Generalized Linear Mixed Models were introduced in JMP Pro 17, where you  specify two distributions - Binomial and Poisson. 

 

GLMM  combines two approaches: the linear mixed model and generalized linear model frameworks . GLMM is useful for three types of model structures:

  • Randomized complete and incomplete block designs
  • Split-plot experiments
  • Random coefficient models

 

See how to:

  • Model mixed effects for count data using Poisson Regression and interpret results 
  • Model mixed effects for grouped data using Binary Logistic Regression and interpret results 
  • Model mixed effects for individual data using Binary Logistic Regression and interpret results 

Questions answered by Jian Cao @jiancao and Byron Wingerd @Byron_JMP  during the live webinar demo:

 

Q: How do you assess performance of GLMM?

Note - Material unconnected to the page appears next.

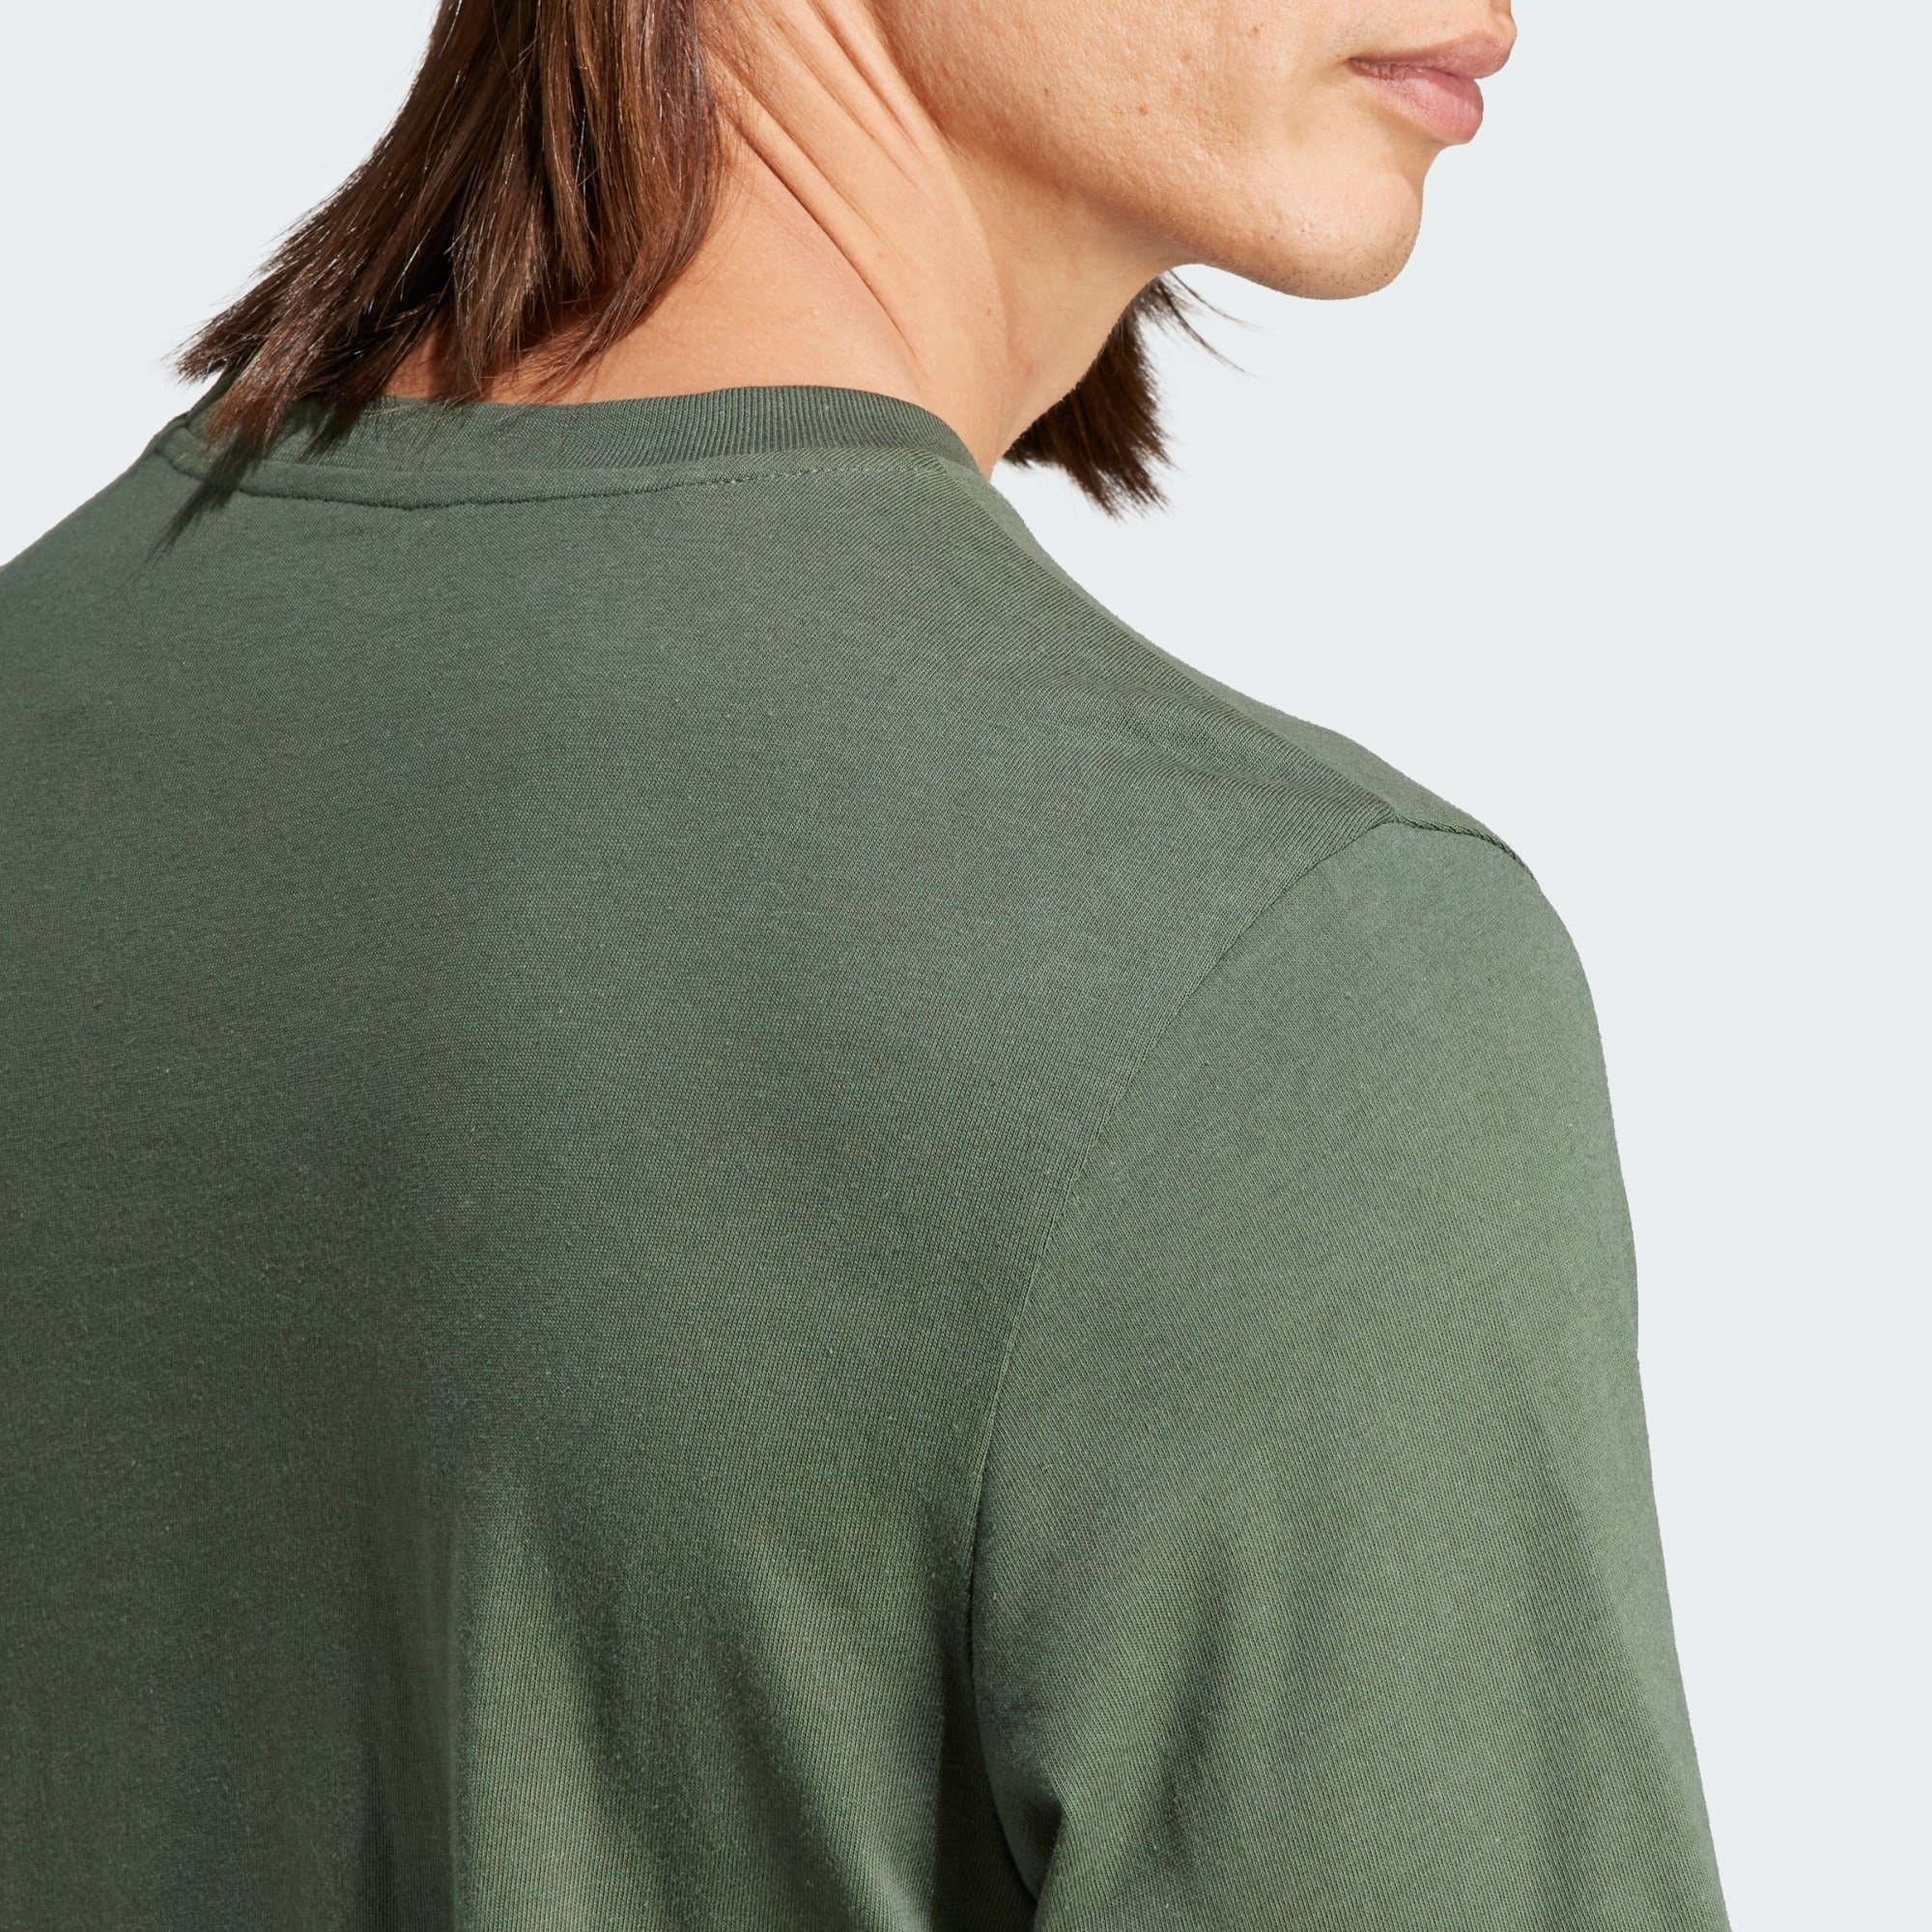 adidas T-Shirt TONGUE Shadow LABEL Originals Green CAMO GRAPHICS T-SHIRT

A: Here are the full details.

 

Q: Would failure to include the random effects necessarily always lead to an increase in possibliity of overdispersion?

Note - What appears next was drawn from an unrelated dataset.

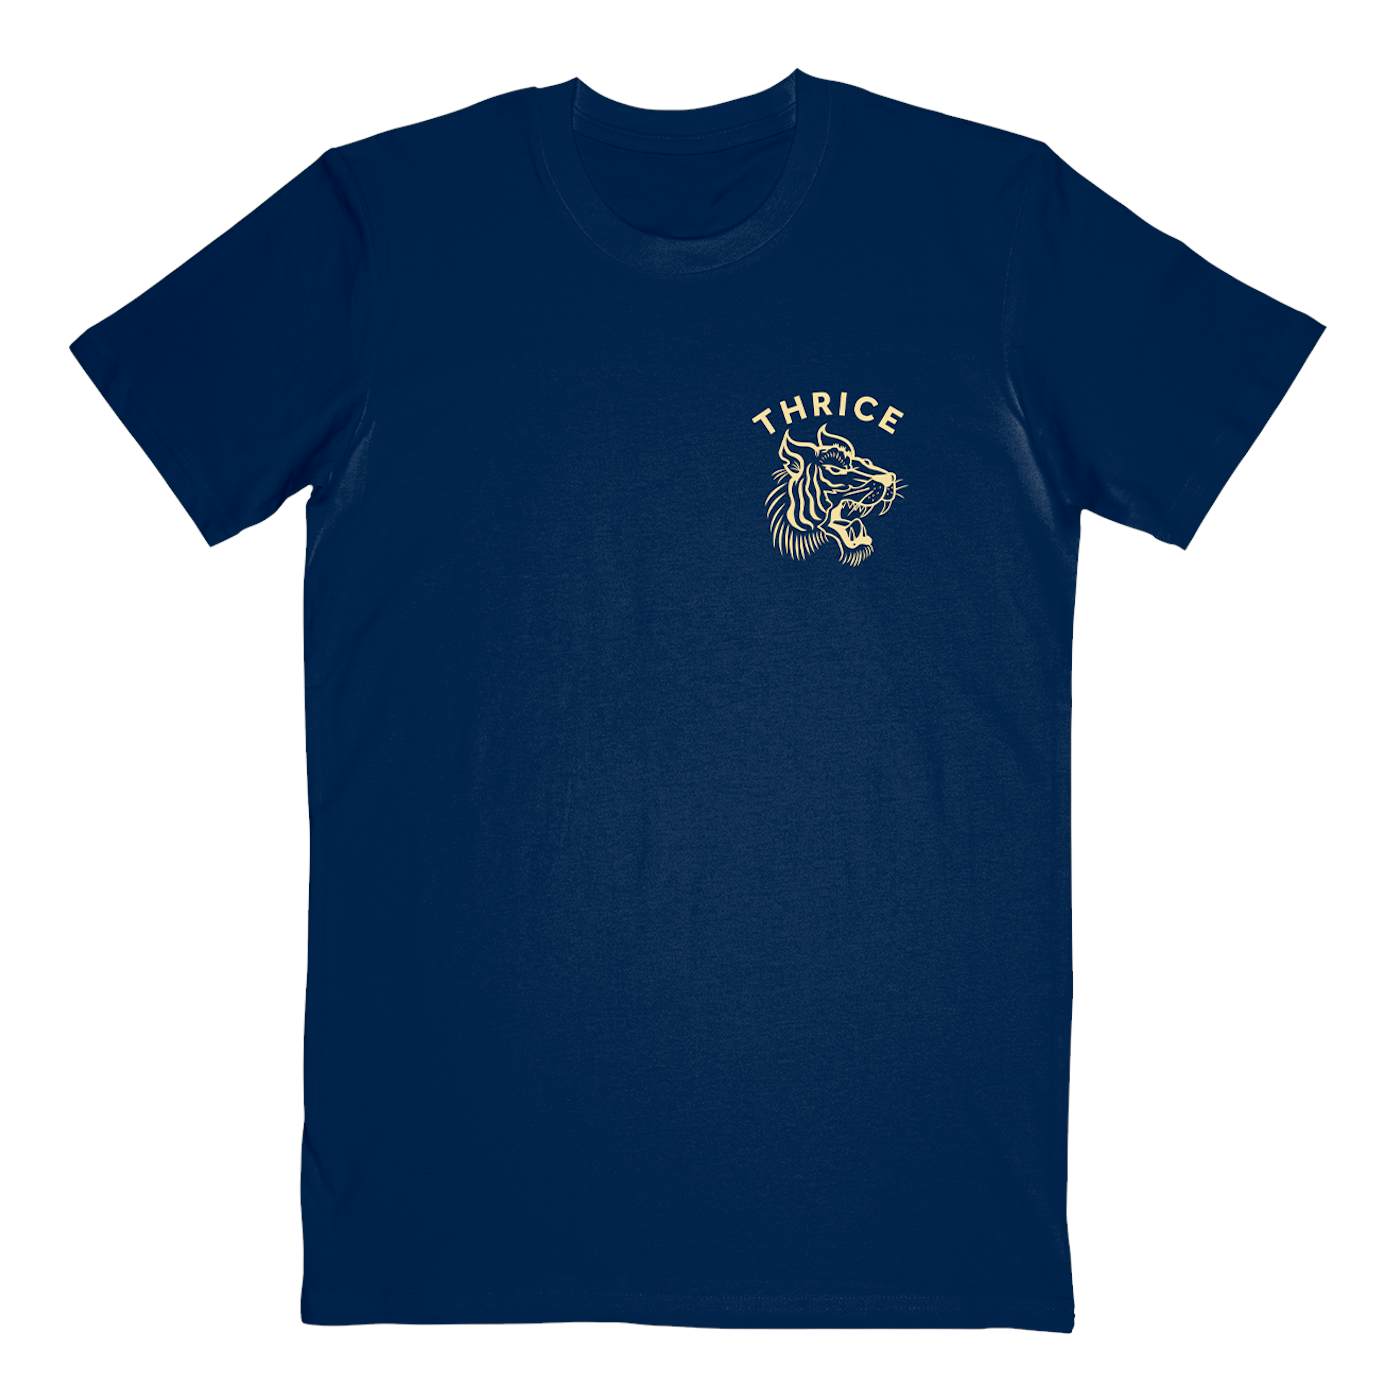 Thrice "Tiger" T-Shirt
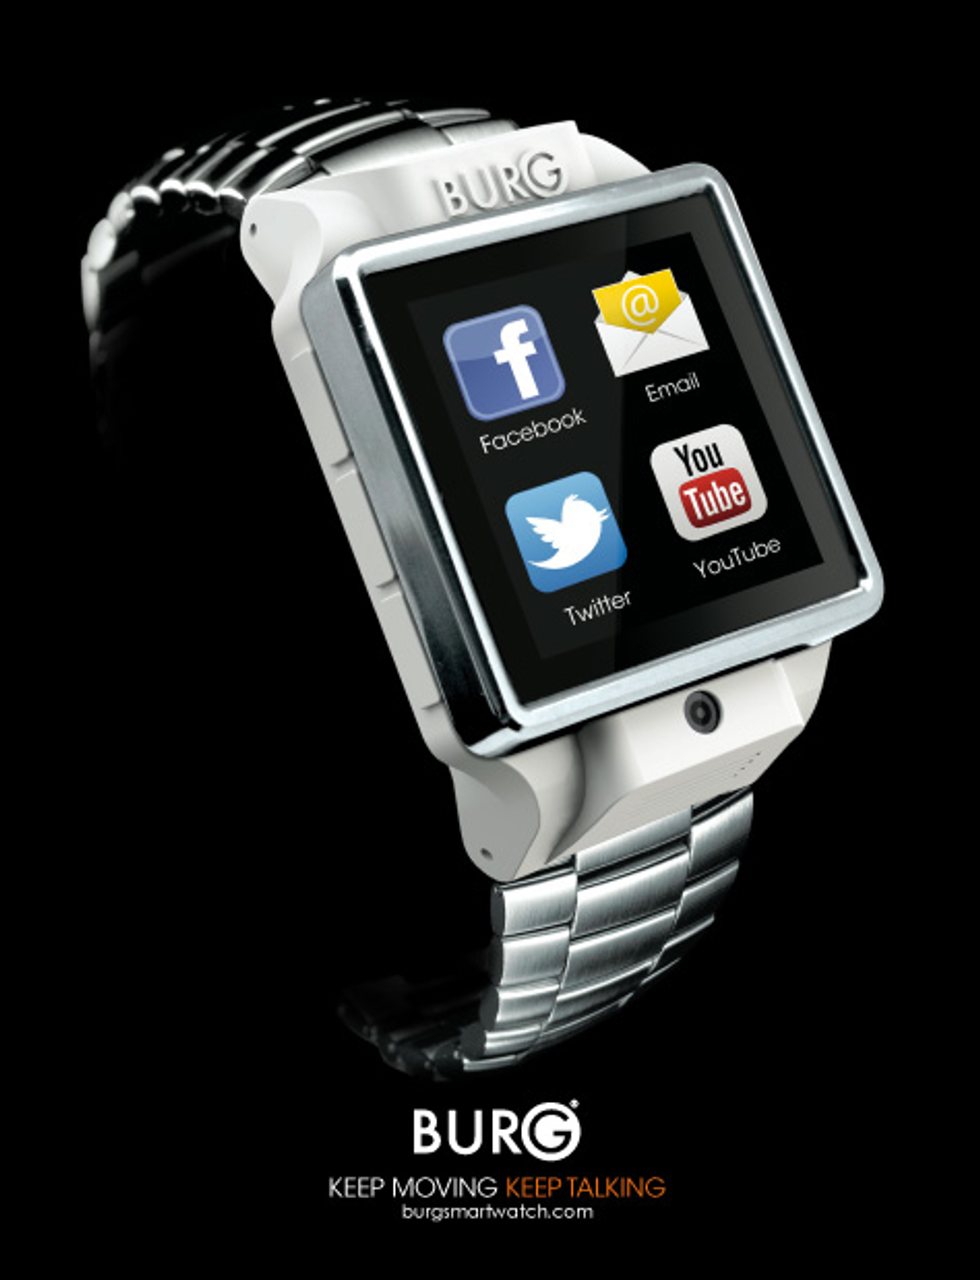 Burg17: lo smartwatch che telefona

A:  The random effects, when included, make it less likely that you will over- or under-estimate.

 

Q: So since we have random effects why would we not always use the conditional prediction?

A: We usually want the marginal model profiler. The Conditional Model Profiler goes into some more detail on factors without doing a separate analysis.

 

Q: Is GLMM supported within MSA platform?

A:  The data generated from the MSA builder could be analyzed with GLMM, but it is not automatically integrated with the variability platform or MSA.

 

Q: Does the order of the Y’s matter? I’m guessing the numerator is the top number.

A: Yes.

 

Q: Are repeated measures designs specified the same way as in the mixed model platform?

A:  If you mean mixed model platform not GLMM, see https://www.jmp.com/support/help/en/17.1/index.shtml#page/jmp/statistical-details-for-repeated-measu....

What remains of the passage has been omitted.